Since the Biology of Genomes meeting in early May, a tempest has been brewing. It is only in this last week that this tempest has gathered enough strength that it could no longer be contained by those who have chosen to stir it up. The esteemed Daniel MacArthur blogged and tweeted from the conference. This apparently caught the attention of the conference organizers and GenomeWeb. As journalists, the folks at GenomeWeb are required to follow CSHL's media rules which require that journalists get the permission of a speaker before publishing any information from her talk. GenomeWeb saw a double standard when comparing what Daniel was allowed to do and what they were allowed to do. They then contacted CSHL. The initial write-up of the gathering storm in Science Insider characterized this contact as complaining. GenomeWeb characterized it as asking CSHL for clarification of their policy (in a comment on a response posted by Daniel in his blog, Genetic Future). Of course this attempt to, in effect, censor has only served to bring more attention to Daniel's blog (the so-called Streisand effect), and has resulted in a number of responses from other bloggers like Anthony Fejes, DrugMonkey, and even GenomeWeb's Daily Scan, comments (some quite passionate) on the Science Insider story, Daniel's response, and FriendFeed, as well as a couple well-reasoned pieces on where the policy should head from here by Ed Yong and Andrew Maynard. Daniel himself provides a nice summary of it all in a follow-up post. With all that sound and fury, there is not much to add on the subject other than to say I suppose I am lucky that the 500 or so emails I had to pore through each night after the meeting ended at 10:30 or 11 p.m. prevented me from posting any commentary during the meeting (well, the emails plus the fact that I knew Daniel would do a better job than me).
Taking a step back, there is a larger double standard at play here than the distinction between professional journalists and peddlers of new media. Many of the conclusions around whether CSHL is right in restricting any type of journalist focus on the type of conference and the expectations that type of conference creates in the minds of the presenters. At a private, invitation-only conference, no publishing. At a breaking results conference like Biology of Genomes, get permission. At an open conference, anything goes. So then one might ask: why aren't all conferences open? The whole notion that presenting something at a conference that has some understanding of respecting others' unpublished work is a bit ridiculous (this point has been made by others, along with the fact that Biology of Genomes is over-subscribed every year; getting people in the door is not a problem). But I am not even going to debate that point. The more interesting question is: why aren't all data and research released rapidly and freely available? Since the Bermuda Principles were agreed to in 1996, all genome sequencing centers have submitted their data, from raw sequence data to finished sequence to assemblies to annotation, to public repositories as quickly after generation as possible. These principles were reinforced by the Fort Lauderdale agreement in 2003 which added a provision that protected the production centers' right to first publication.
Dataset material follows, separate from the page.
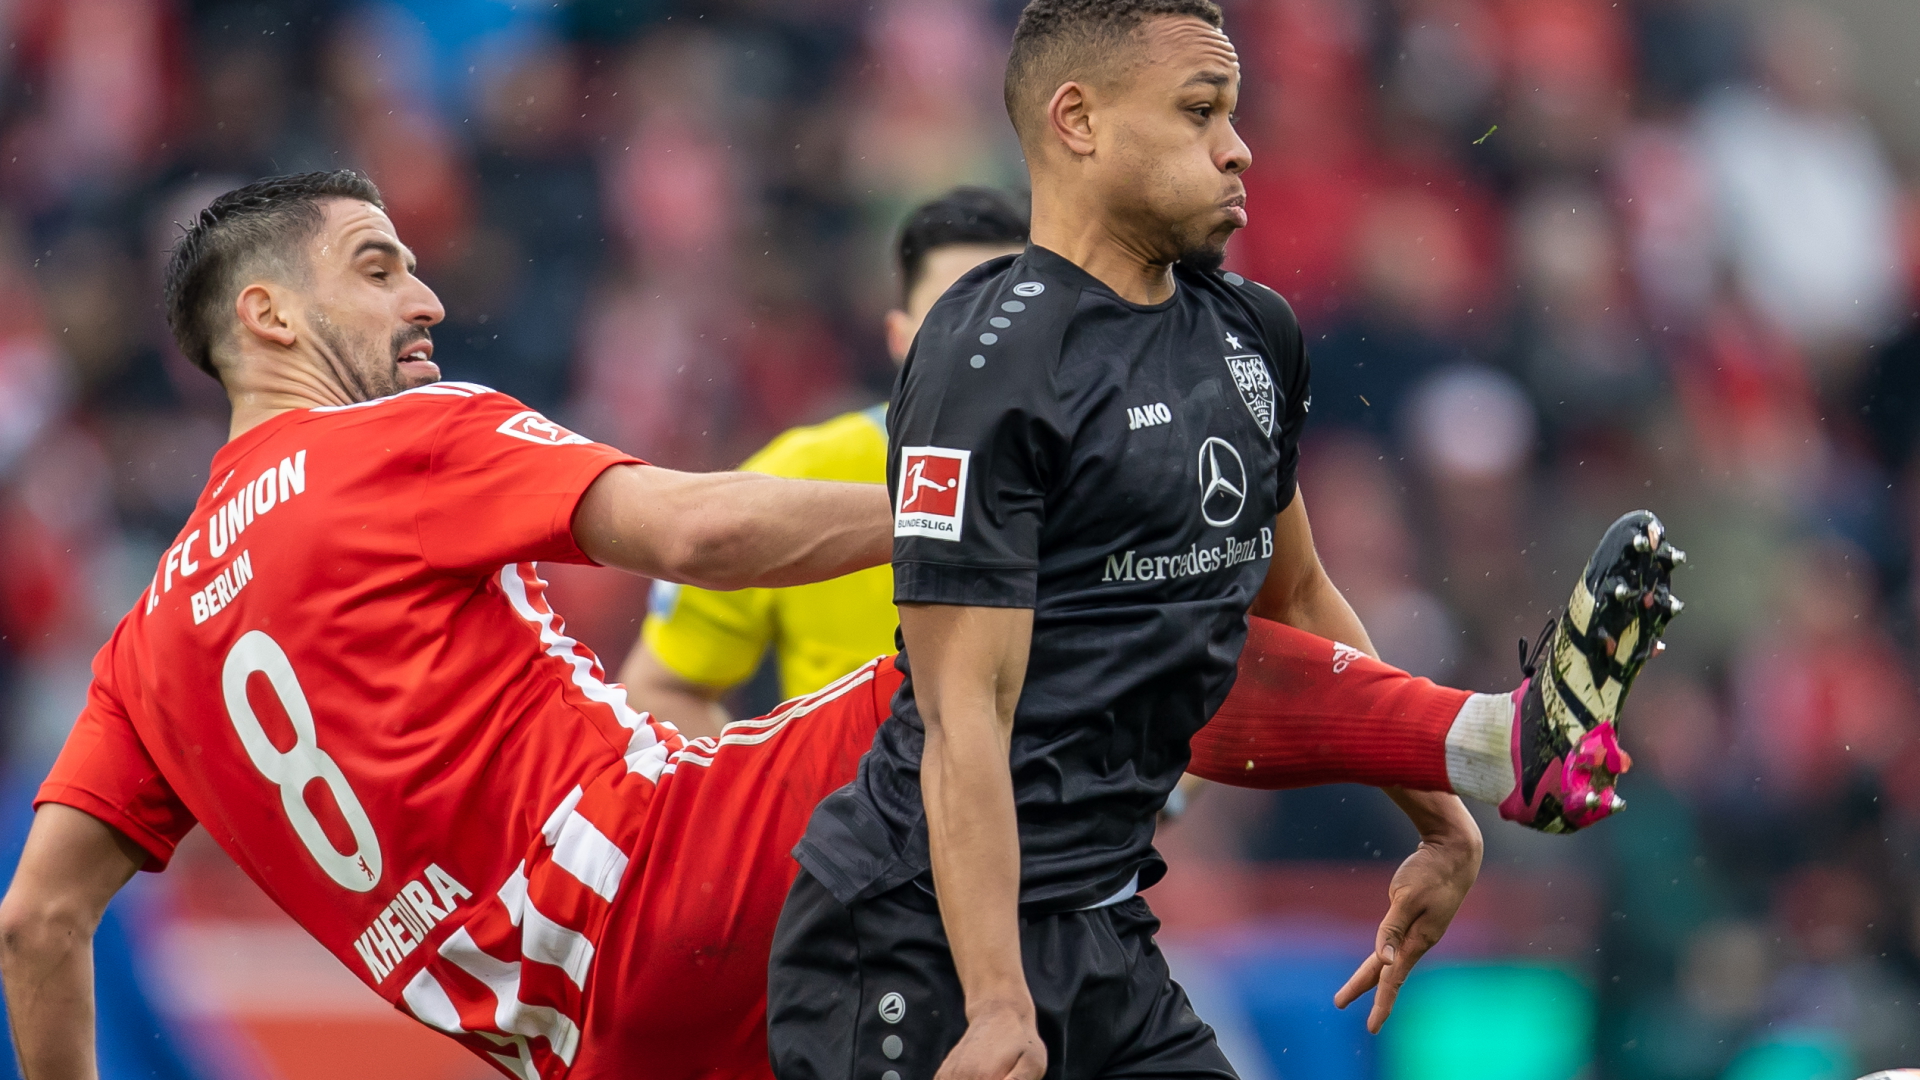 Rani Khedira von Union Berlin (links) kämpft gegen Nikolas Nartey vom VfB Stuttgart um den Ball. | dpa

But as we have seen recently, that provision of the Fort Lauderdale agreement is not always enforced. As sequencing has moved into medical applications, the sequencing centers have taken great pains to release human sequence data in a responsible manner, but still rapidly. What's more, they now also release the detected variants fully annotated and correlated with phenotypic information in protected access databases available to any researcher. As data that requires more and more analysis and significant human curation are made rapidly available well before publication, the production centers become ever more vulnerable to getting "scooped" on their hard won findings.
As Church and Hillier properly conclude in the above referenced article
Sequence data are now easier to produce, but decisions about timelines for data release, publication, and ownership and standards for assembly comparison and quality assessment, as well as the tools for managing and displaying these data, need considerable attention in order to best serve the entire community. (Emphasis mine)
This conclusion begets many questions. If the rapid release described in the Bermuda Principles still holds true, why does it only apply to large-scale sequencing centers? Many researchers are generating more sequence in a month than the Human Genome Project was able to produce in a year. As they continue to be allowed to perform pre-publication (as opposed to post-generation) data submission, why are they not being held to the same standard as the large-scale sequencing centers?
Stepping back further, does dumping all of those data, literally terabytes and terabytes, into public nucleotide repositories like the SRA and ERA as soon as it is generated still make sense? Who has the bandwidth to download and use it all? Mainly only those centers that are submitting it. For human data, a single instrument run contains enough data to identify an individual. Should there not be at least some provisions in place to allow data generators to properly assess and quality control their data?
The human reference has been published (with a recent update to GRCh37). The blueprint exists. Thus, many of the reasons underlying the conclusions of the Bermuda Principles are no longer applicable. So should those open access principles be applied more widely to other areas of biology and science at large or should they no longer apply to sequence data from a genome for which a reference exists? It is time to rethink the current policies and begin to apply them to all sequence generators. And people are doing just that. The double standard must end.